Statistical analyses of hydrophobic interactions: A mini-review

TL;DR

This mini-review summarizes recent advances in understanding hydrophobic interactions, highlighting inverse temperature behavior, effects of attractive forces, and the importance of molecular theories for accurate interpretation.

Contribution

It presents new insights into hydrophobic interactions, emphasizing the inverse temperature phenomenon and the role of attractive forces, with evaluation of molecular theories for corrections.

Findings

Hydrophobic interactions strengthen with increasing temperature.

Adding attractive forces weakens hydrophobic bonds.
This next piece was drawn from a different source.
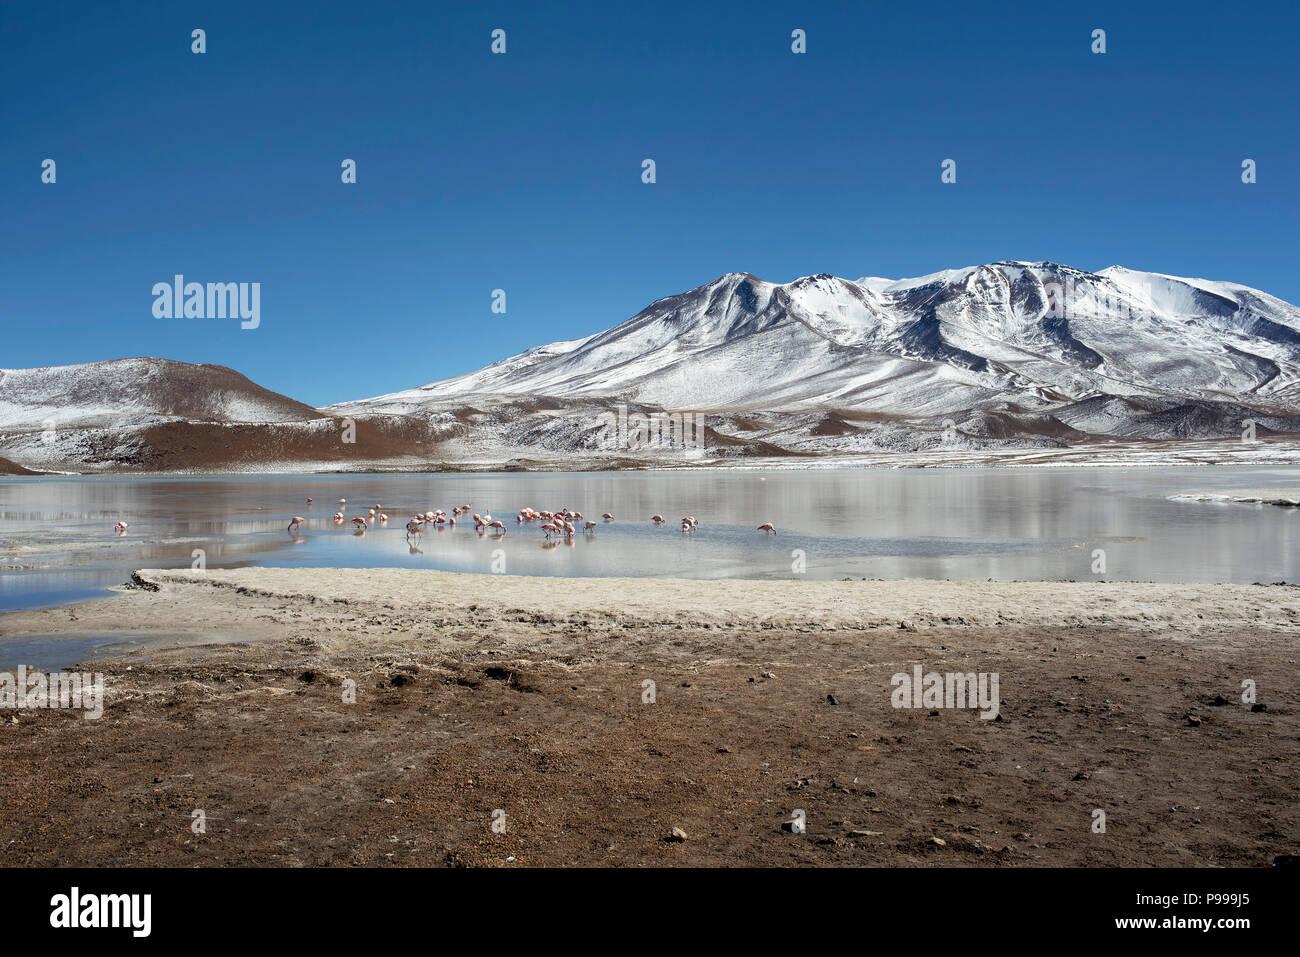 El paisaje invernal de Cañapa Laguna Cañapa (Salt Lake) en el departamento de Potosí, Bolivia. Imagen De Stock

Molecular quasi-chemical theory shows promise for corrections.

Abstract

This review focuses on the striking recent progress in solving for hydrophobic interactions between small inert molecules. We discuss several new understandings. Firstly, the _inverse _temperature phenomenology of hydrophobic interactions, _i.e., strengthening of hydrophobic bonds with increasing temperature, is decisively exhibited by hydrophobic interactions between atomic-scale hard sphere solutes in water. Secondly, inclusion of attractive interactions associated with atomic-size hydrophobic reference cases leads to substantial, non-trivial corrections to reference results for purely repulsive solutes. Hydrophobic bonds are _weakened by adding solute dispersion forces to treatment of reference cases. The classic statistical mechanical theory for those corrections is not accurate in this application, but molecular quasi-chemical theory shows promise. Finally, because of the masking roles of excluded volume and attractive interactions, comparisons that do not discriminate the different possibilities face an interpretive danger.